One of the nice things about machine learning is that you can have the model tell you — At the end of the day, it tries to give you some kind of answer. Whether that’s like a classification label, or rational label, it’s trying to give you some kind of answer. You can just basically give it a lot of different examples and just have it see what is the output? What is the answer that you’d give for these examples?


That is a really powerful way of trying to understand where things are going wrong. It’s a basic way, but it’s also very powerful way, where you just look at a lot of different inputs and you see where is the system failing? Where are things going wrong? That’s a great place to start.


You can then look at statistics of these kinds of — For example, what are your statistics on your training and test site in terms of are you overfeeding the model? These kinds of individual statistics are really powerful, but then, additionally, these are all at the end of the train model, while the model is training, it gives you upward signals in terms of its loss function, how fast the loss function is decreasing as it plateaued. It gives you this individual — These numbers that you have to sort of keep track of in order to be able to determine where the problem is, but it has all these different outputs.


[0:14:39.9] JM: What’s interesting about this conversation is that when you’re saying machine learning is hard, I think machine learning is one of the these really strong breakthrough innovations where it’s like the iOS platform where people all of a sudden had this incredible platform to start making mobile apps and it unlocked this vast amount of innovation from developers everywhere. You could same thing about cloud computing, you could say the same thing about Ruby on Rails.


Up until I read your article, my impression was like, “This is what — Machine learning is the same thing. Okay, we’ve got Theano, we’ve got Torch. These things make it super easy to just get started with machine learning, and you get some homeruns and then — ” Are you saying that’s true, you do get homeruns, but you’re going to hit some diminishing returns quite quickly, because you’re going to start to hit these debugging problems that are really going to slow down your progress once you get started, or are you saying that even just to get started, even just to standup a model and have it be producing reliable positive results, you’re going to need to do some hard work?


[0:15:49.5] ZE: We’ve had tremendous success with frameworks like Theno, Torch, and TensorFlow. The reason is because the development community has sort of realized that the complexity of machine learning, there’s multiple dimensions of complexity you have to deal with that when you take away implementation complexity — What is the advantage of TensorFlow, Theano, and Torch? Is that you no longer have to worry about — A few years ago, every time you sort of coded up on your network, you’d have to worry about the most computations that you were doing on a GPU. You’d be implementing the actual CUDA calls to do a matrix operation on the GPU and you’d have to worry about the complexity, “Oh man! Did I implement that correctly? Did I have the right implementation with this operation? Am I copying memory from my host to GPU correctly? Is the memory access being done correctly?” You’d be dealing with all those valuable issues alongside all the other issues that you have to deal with from machine learning.

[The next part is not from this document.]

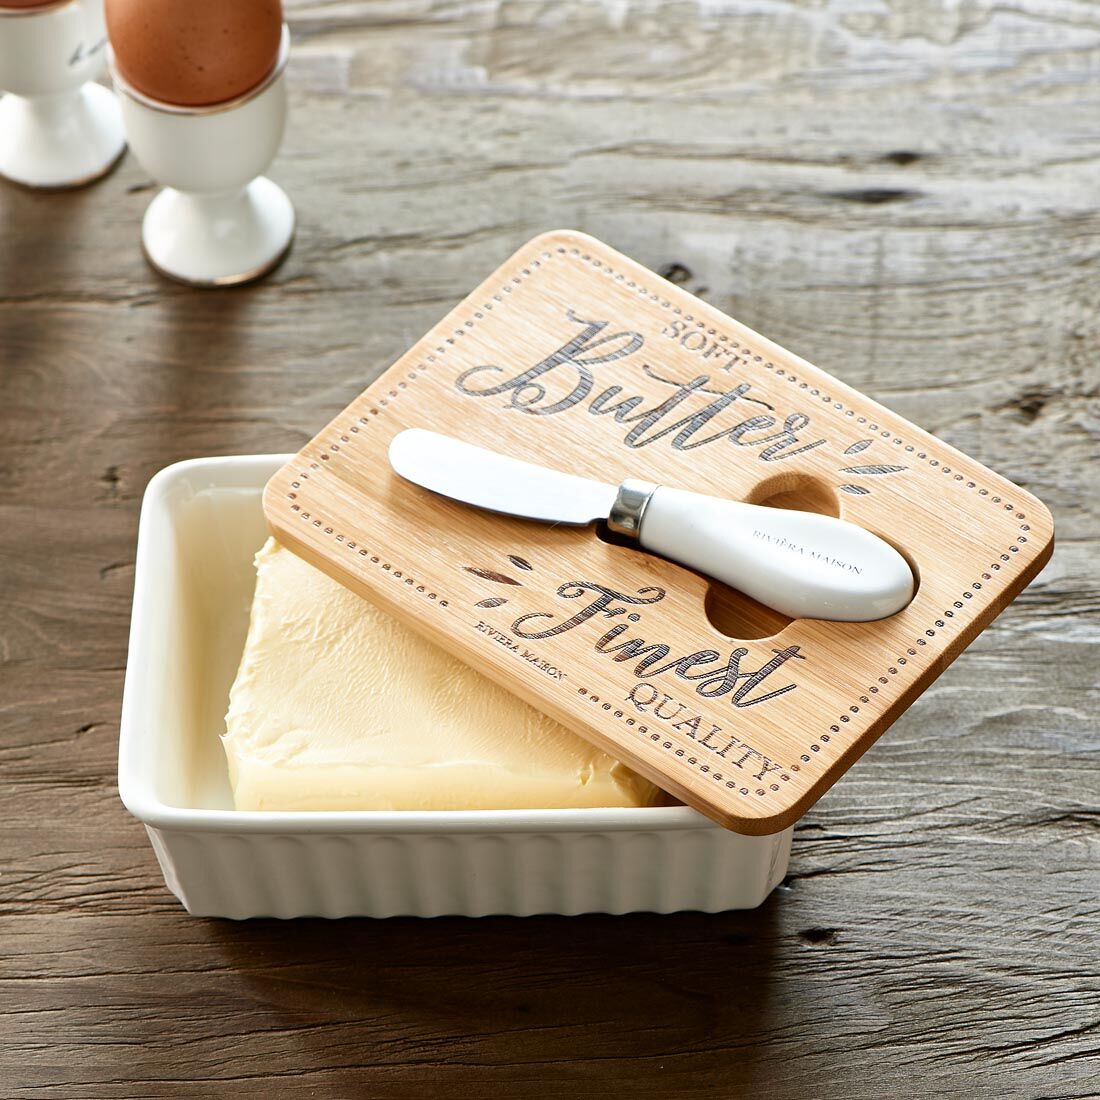 Maselniczka Finest Quality Butter Dish 11cm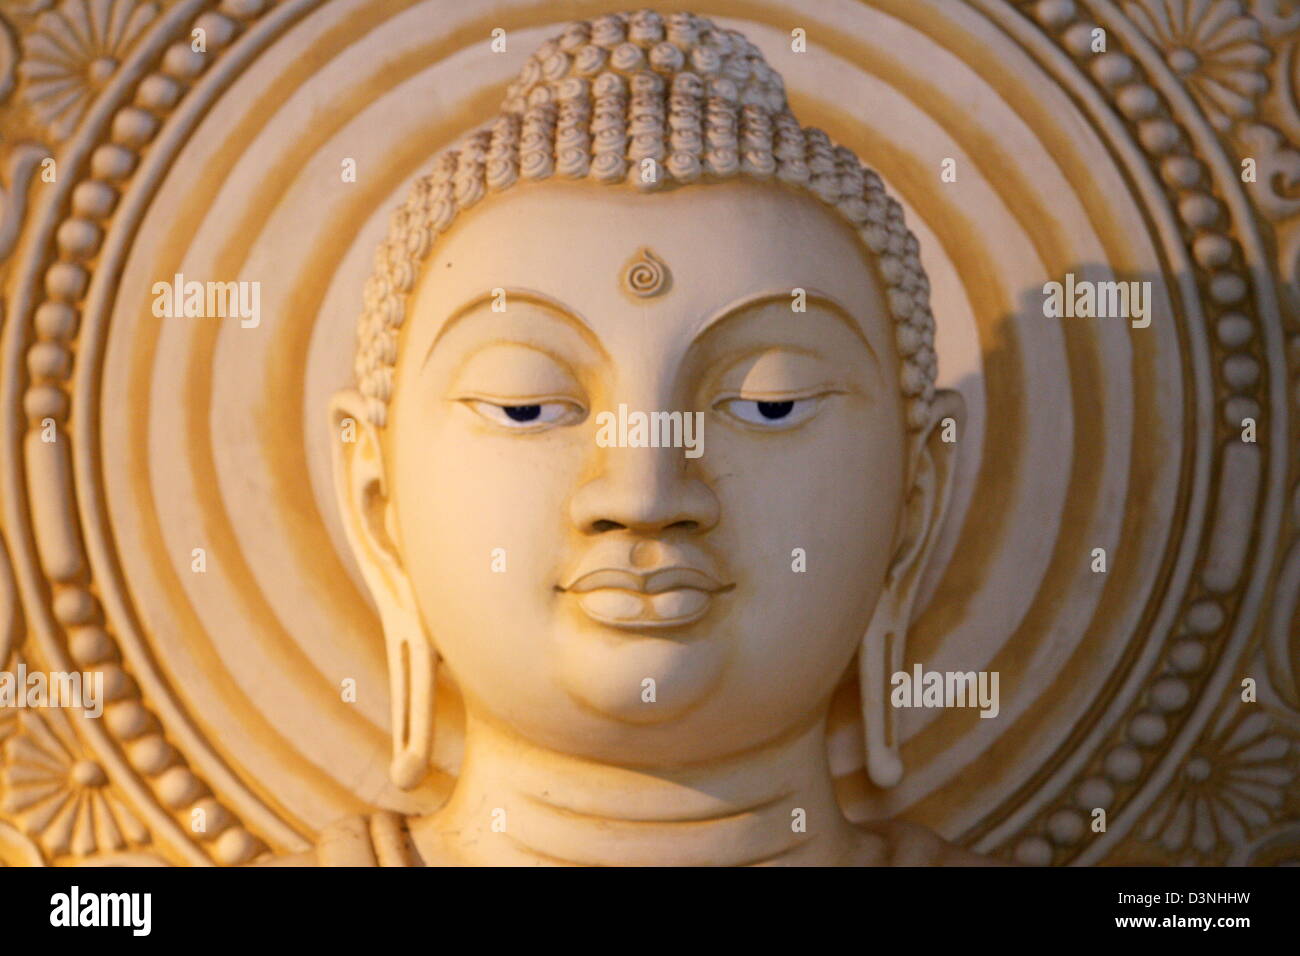 Das Bild zeigt die friedliche Antlitz des Meditierenden Buddha Siddhartha Gautama im Maharagama Tempel in Colombo, Sri Lanka, 24. April 2006. Foto: Maurizio Gambarini Stockfoto

What these amazing frameworks have done is that they’ve struck away all these complexities in a very sort of very robust strong framework. You no longer, in a sense, for implementation, you have — A lot of times people are doing something new, so they have to worry about the implementation of the new aspect that they’re doing. For a lot of the most basic operations, that part of the volume of complexity has been sort of taken away, because you’re not worrying about that in terms of — or you’re not thinking about that sort of volume of complexity while you’re implementing your model. You’re free to sort of experiment in other dimensions, along the model dimension, or the data dimension, or exploring new algorithm dimensions.


That’s a really powerful advancement by these frameworks. That’s what’s made it possible for us to make so much rapid progress. I do think that if people were still sort of writing their CUDA kernels for training neural networks, the field would be many, many years behind what it is right now.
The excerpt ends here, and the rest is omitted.